▼

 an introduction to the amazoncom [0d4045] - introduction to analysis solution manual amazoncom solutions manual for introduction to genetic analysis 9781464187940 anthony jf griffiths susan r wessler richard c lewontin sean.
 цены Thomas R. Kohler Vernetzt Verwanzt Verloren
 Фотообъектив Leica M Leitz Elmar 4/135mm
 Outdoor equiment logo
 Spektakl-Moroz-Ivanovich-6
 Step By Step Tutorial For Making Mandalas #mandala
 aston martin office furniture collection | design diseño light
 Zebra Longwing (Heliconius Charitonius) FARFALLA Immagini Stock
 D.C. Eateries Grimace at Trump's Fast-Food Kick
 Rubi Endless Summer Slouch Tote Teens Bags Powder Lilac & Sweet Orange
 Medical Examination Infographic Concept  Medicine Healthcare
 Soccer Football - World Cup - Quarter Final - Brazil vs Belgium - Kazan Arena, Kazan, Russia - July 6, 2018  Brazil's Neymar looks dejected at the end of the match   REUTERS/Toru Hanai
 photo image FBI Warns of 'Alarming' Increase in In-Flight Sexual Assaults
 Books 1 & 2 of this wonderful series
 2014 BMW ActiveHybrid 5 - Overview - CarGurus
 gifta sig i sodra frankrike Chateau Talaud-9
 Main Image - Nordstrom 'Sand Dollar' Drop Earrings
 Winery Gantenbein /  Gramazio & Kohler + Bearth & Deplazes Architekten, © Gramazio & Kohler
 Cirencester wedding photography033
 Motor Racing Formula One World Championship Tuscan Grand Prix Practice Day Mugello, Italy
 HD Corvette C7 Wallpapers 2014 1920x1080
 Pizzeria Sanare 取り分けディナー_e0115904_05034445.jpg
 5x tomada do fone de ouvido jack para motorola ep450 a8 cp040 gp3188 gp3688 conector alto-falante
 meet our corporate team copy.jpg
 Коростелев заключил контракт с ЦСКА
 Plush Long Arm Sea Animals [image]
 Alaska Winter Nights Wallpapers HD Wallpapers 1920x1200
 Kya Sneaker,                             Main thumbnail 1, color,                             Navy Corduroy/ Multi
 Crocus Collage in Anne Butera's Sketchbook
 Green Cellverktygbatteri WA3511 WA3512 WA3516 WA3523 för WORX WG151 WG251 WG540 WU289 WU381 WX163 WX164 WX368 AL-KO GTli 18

▲

▶ _What the task requires_: Only the lines above from the one with "Step By Step" through the one with "Alaska Winter Nights" should be duplicated, character for character.

▶ _Exercise response_:
 Step By Step Tutorial For Making Mandalas #mandala
 aston martin office furniture collection | design diseño light
 Zebra Longwing (Heliconius Charitonius) FARFALLA Immagini Stock
 D.C. Eateries Grimace at Trump's Fast-Food Kick
 Rubi Endless Summer Slouch Tote Teens Bags Powder Lilac & Sweet Orange
 Medical Examination Infographic Concept  Medicine Healthcare
 Soccer Football - World Cup - Quarter Final - Brazil vs Belgium - Kazan Arena, Kazan, Russia - July 6, 2018  Brazil's Neymar looks dejected at the end of the match   REUTERS/Toru Hanai
 photo image FBI Warns of 'Alarming' Increase in In-Flight Sexual Assaults
 Books 1 & 2 of this wonderful series
 2014 BMW ActiveHybrid 5 - Overview - CarGurus
 gifta sig i sodra frankrike Chateau Talaud-9
 Main Image - Nordstrom 'Sand Dollar' Drop Earrings
 Winery Gantenbein /  Gramazio & Kohler + Bearth & Deplazes Architekten, © Gramazio & Kohler
 Cirencester wedding photography033
 Motor Racing Formula One World Championship Tuscan Grand Prix Practice Day Mugello, Italy
 HD Corvette C7 Wallpapers 2014 1920x1080
 Pizzeria Sanare 取り分けディナー_e0115904_05034445.jpg
 5x tomada do fone de ouvido jack para motorola ep450 a8 cp040 gp3188 gp3688 conector alto-falante
 meet our corporate team copy.jpg
 Коростелев заключил контракт с ЦСКА
 Plush Long Arm Sea Animals [image]
 Alaska Winter Nights Wallpapers HD Wallpapers 1920x1200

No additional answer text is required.